Wordsmith Interview – Nick Gregorio

Nick Gregorio HeadshotAge: According to my hairline, 45. In reality I’ll be turning 30 this November.

Location: Philadelphia, PA

Education: I have a BA in English lit (2008), and an M.Ed in Secondary Education (2012) from Chestnut Hill College, and an MFA in Creative Writing from Arcadia University (2015).

The Writer

How long have you been writing?
I can remember writing stories about Power Rangers and/or giant squid when I was eightish. So, 22 years, I suppose.

Do you have a specific writing style?
I orbit literary fiction with minimalist execution.

Do you see writing as a career?
It’s more a compulsion than a career. Until I start getting paid. But who knows if that’ll ever happen.

Do you write full-time?
I write full-time outside of the confines of my full-time job. Also, I don’t much care for sleep.

What do you consider to be your greatest accomplishment as a writer?
Every publication I’ve ever gotten. Each one is as great as the last.

What is your ultimate goal as a writer?
I’d like to sell a book. And then maybe another. Then another.
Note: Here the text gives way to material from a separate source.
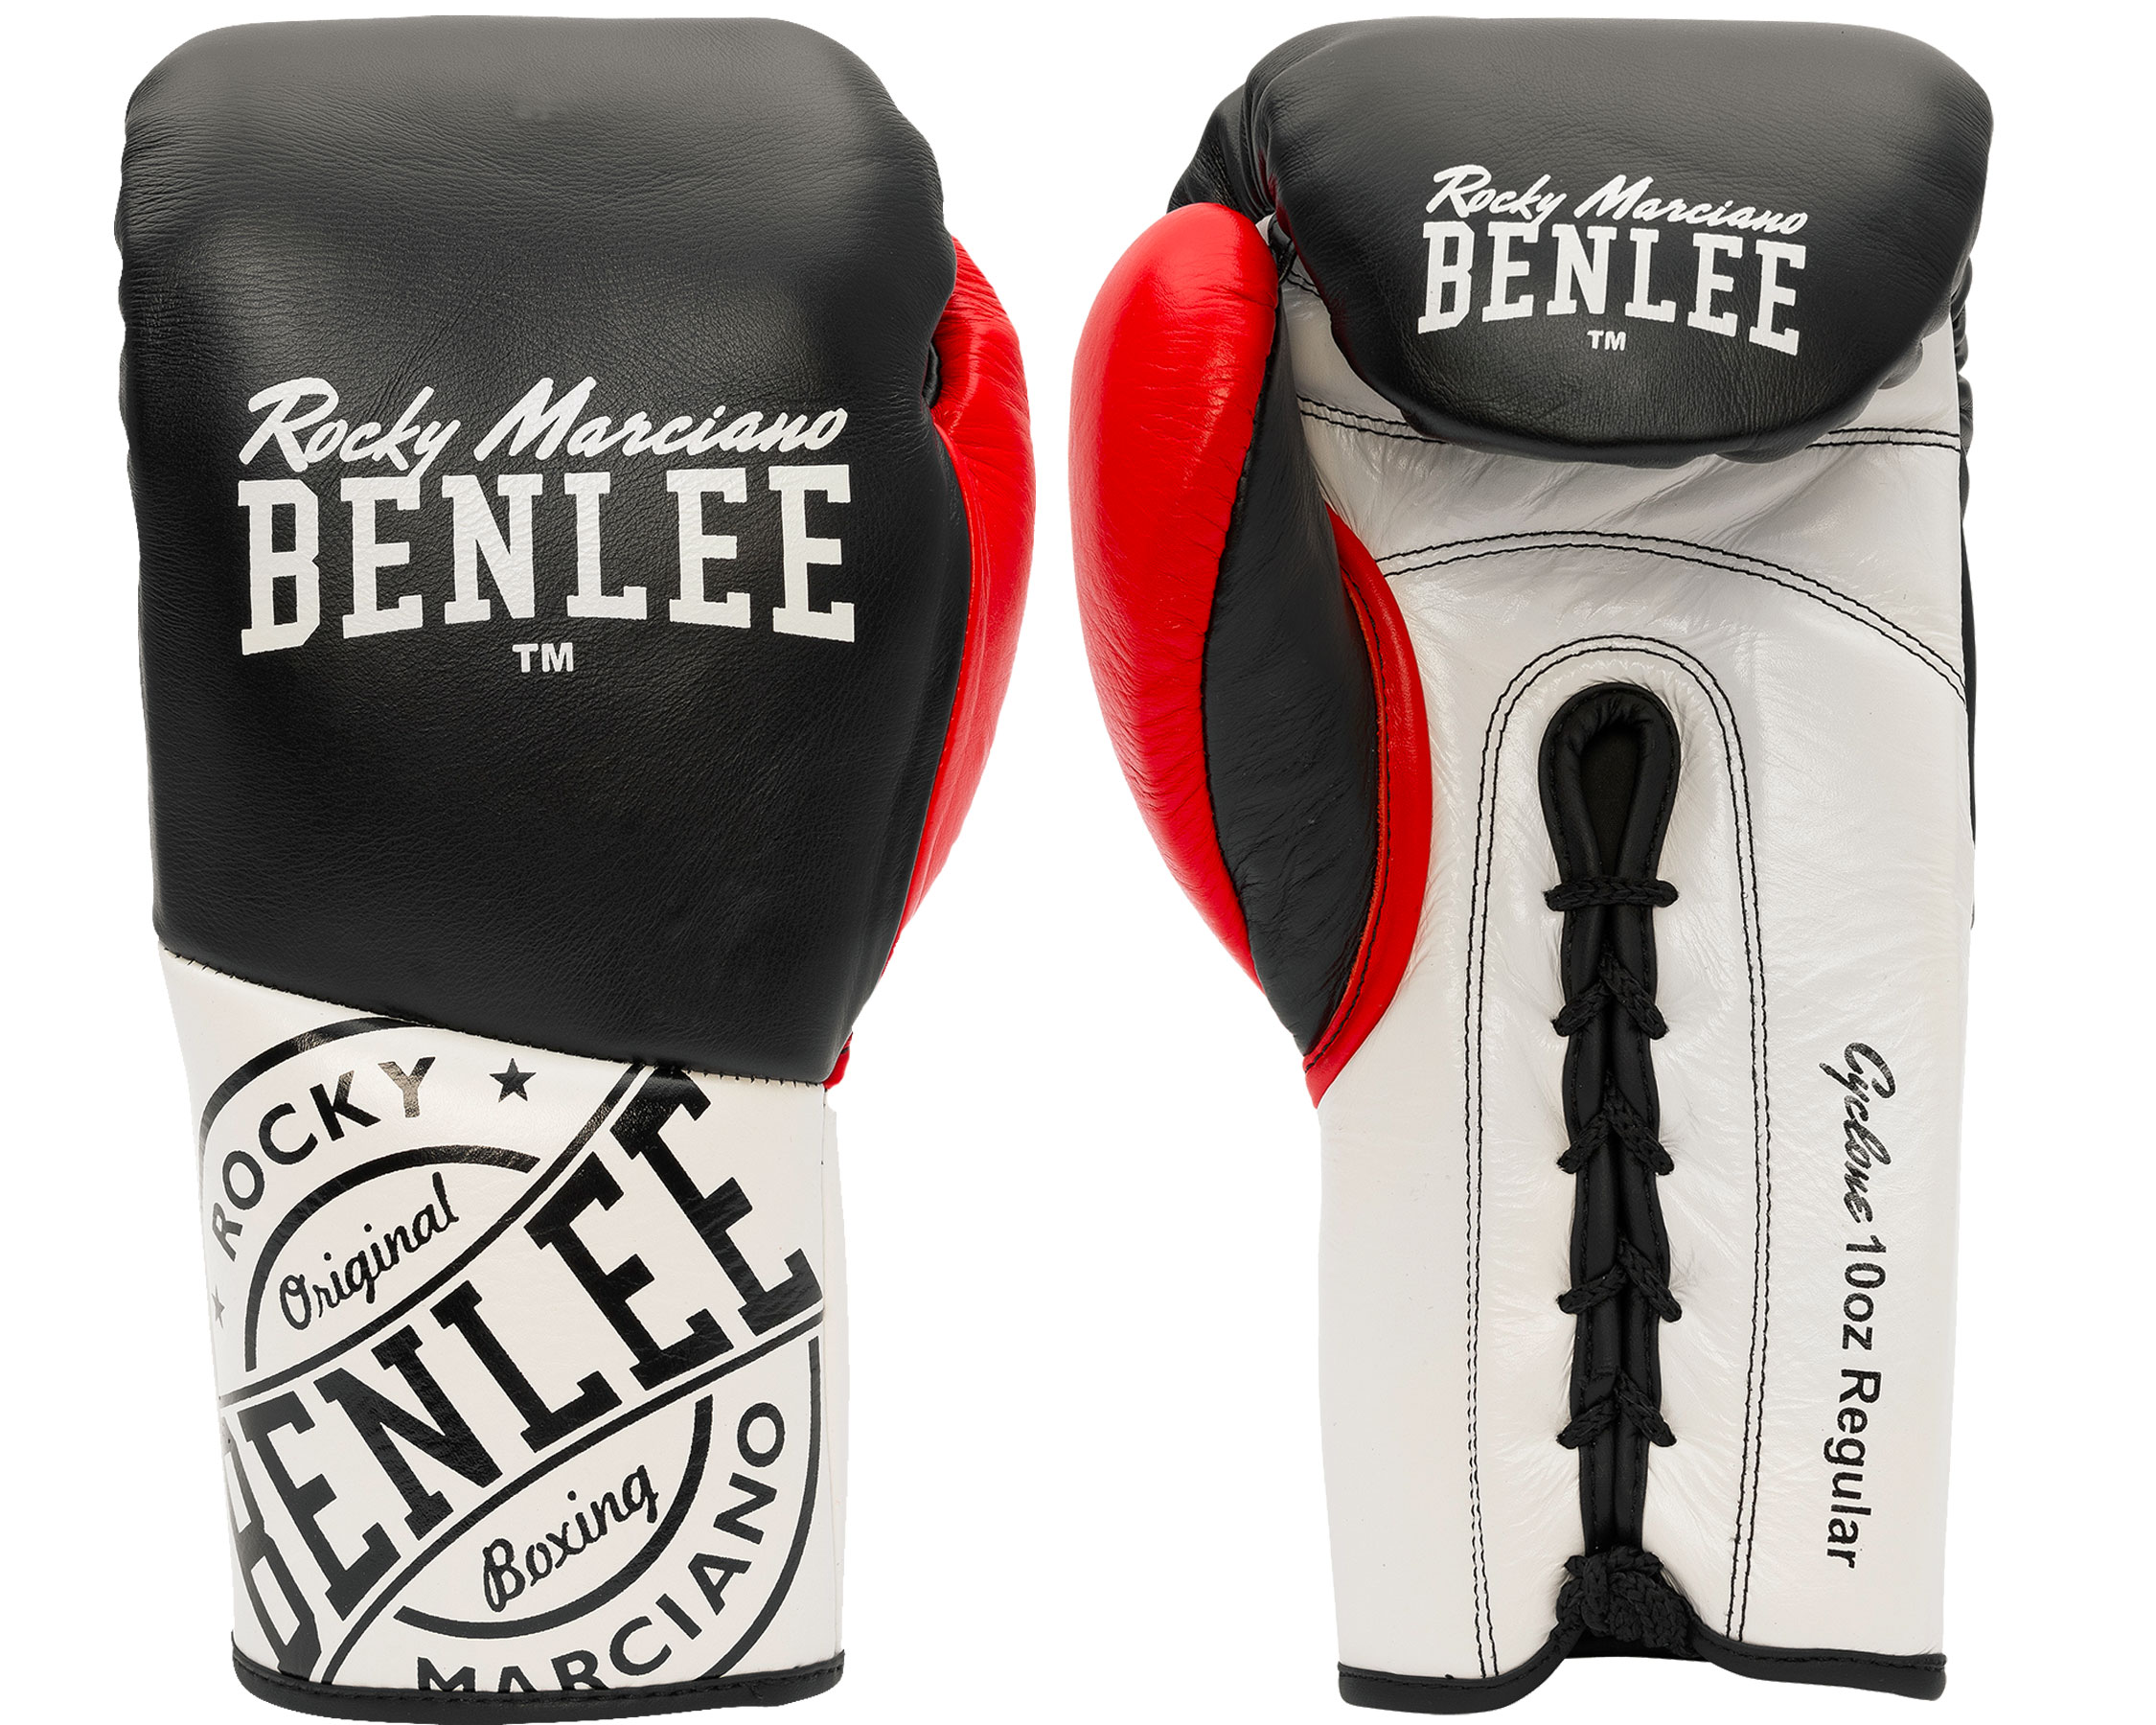 BenLee leather Contest Gloves Cyclone - Boxing gloves, training gloves and  sparring gloves - BenLee sportswear and boxing equipment

So on and so forth.

The Work

Tell us about your work in Crack the Spine.
My piece is called “Embracing Skeletons.” It was an exercise in restraint, to see how much I could hold back as a writer in order to sort of mirror the protagonist’s efforts to hold back his lies, shame, pain, and disease during one of his closest friend’s wedding.

What inspired “Embracing Skeletons?”
Two things, actually. The first was a wedding I attended last summer on a beautiful lake in Rhode Island. Nothing horrible happened there, of course, but off in the distance was a power plant. It was a pretty fantastic juxtaposition: A beautiful wedding, a reactor splitting atoms not far away. And then, because of that power plant, the image of Embracing Skeletons, an archaeological oddity of ancient bones spooning one another, popped into my mind. I started with those ideas and widened the lens.

How long did it take you to complete this piece?
The better part of a year, I think. I started workshopping it last fall. It went through five rewrites and a chronological realignment—for whatever reason I wanted to play with time with this one. Which, after a couple revisions, proved to be pretty ridiculous.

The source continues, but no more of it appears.